On Behalf of | Aug 7, 2020 | Bankruptcy

There are a number of myths surrounding bankruptcy that can scare people away from getting a fresh start and relief from overwhelming debt. One of the most common myths is that your credit score will never recover after filing bankruptcy.

You might think that you’ll never get approved for a mortgage or a car loan after you file for bankruptcy, but this is not true at all.

What Happens To Your Credit After Bankruptcy?

The amount your credit score is impacted will vary depending on a few different circumstances including what your original score was, how much debt you discharged and what type of bankruptcy you file, among other factors. Unfortunately, your credit score will go down at least a little.

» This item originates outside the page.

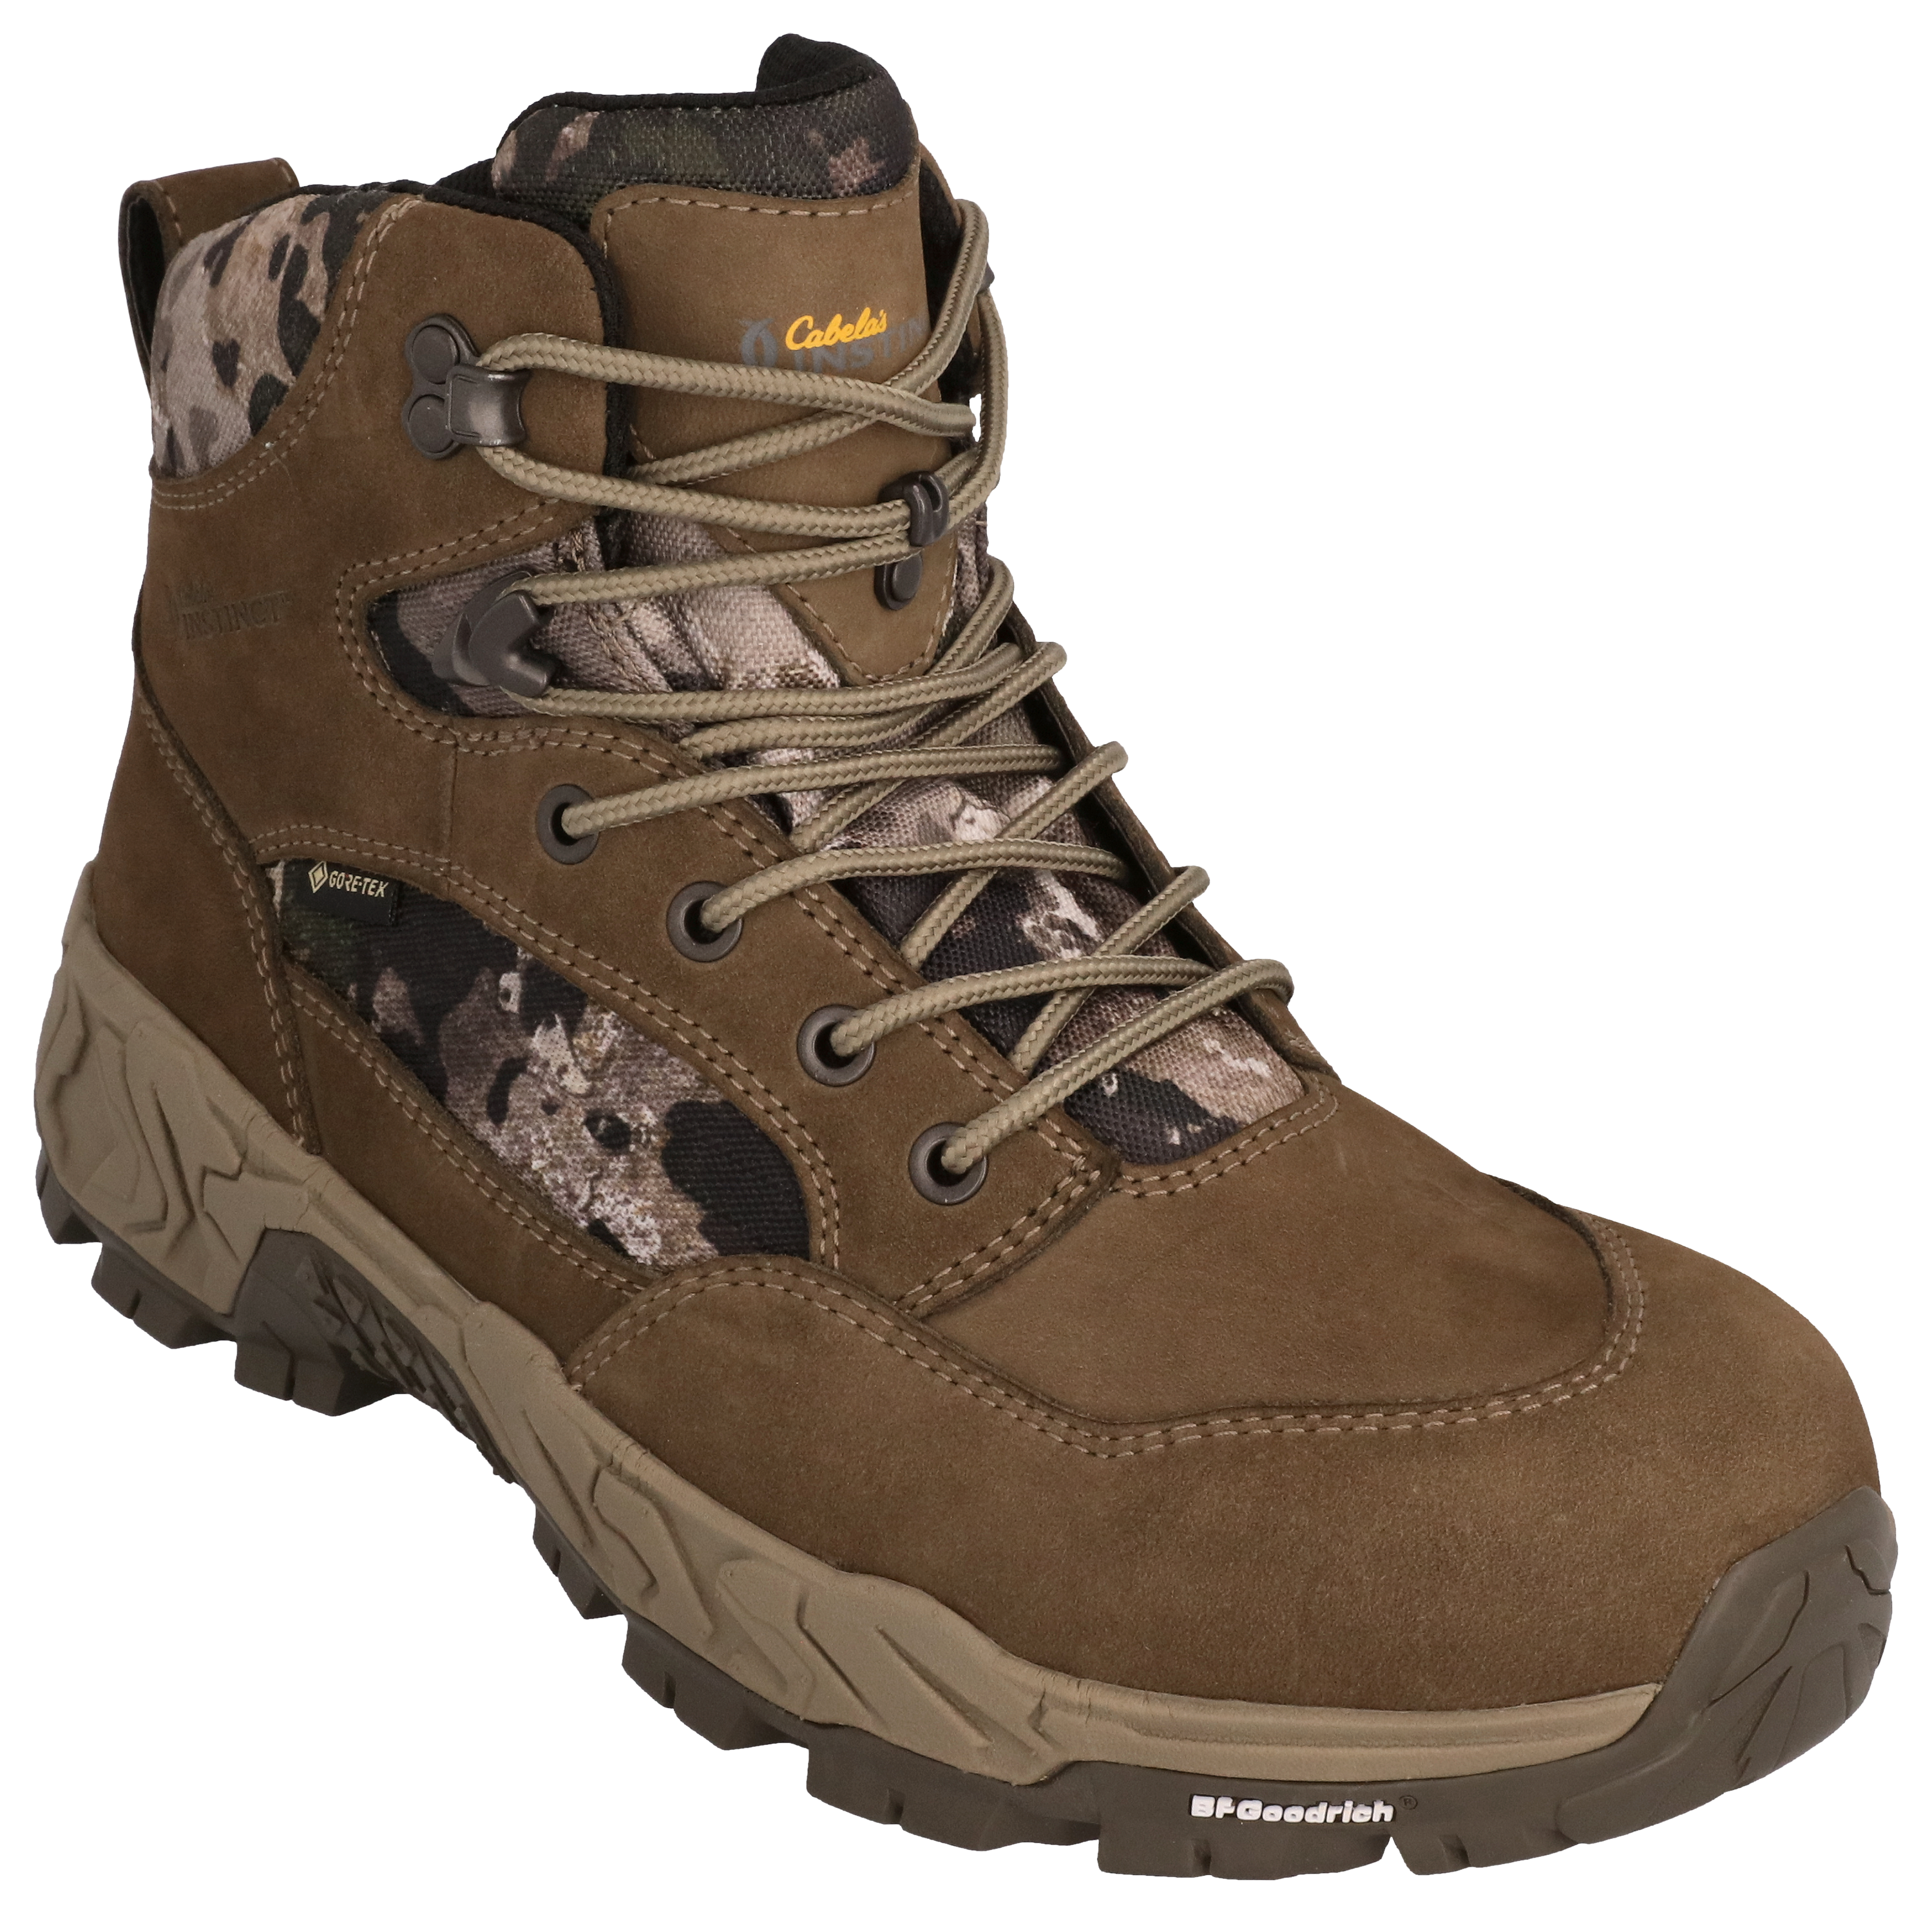 Cabela's Instinct Credence GORE-TEX Hunting Boots for Men - Olive/TrueTimber VSX - 8.5M

While it’s true your credit will take a major hit after filing for bankruptcy, this is not permanent damage. Bankruptcy stays on your credit report for a while, usually seven to 10 years. You may experience limited access to a credit card and low credit scores during this time, but this is not permanent.

When Will My Credit Recover?

Fortunately, you can begin to take steps to rebuild your credit right away. In some cases, your score can begin to recover relatively quickly, depending on the actions you take. Paying your bills on time and opening a low-limit secured credit card account are a few ways to begin repairing your credit score. The sooner you get started, the faster you’ll begin to see improvement.

Additionally, the impact of bankruptcy on your credit score will lessen over time.

While bankruptcy may seem daunting, especially with false or misleading information, it can provide significant relief and a fresh financial start for you and your family. Do not be deterred by its effects on your credit score or other common myths about the process.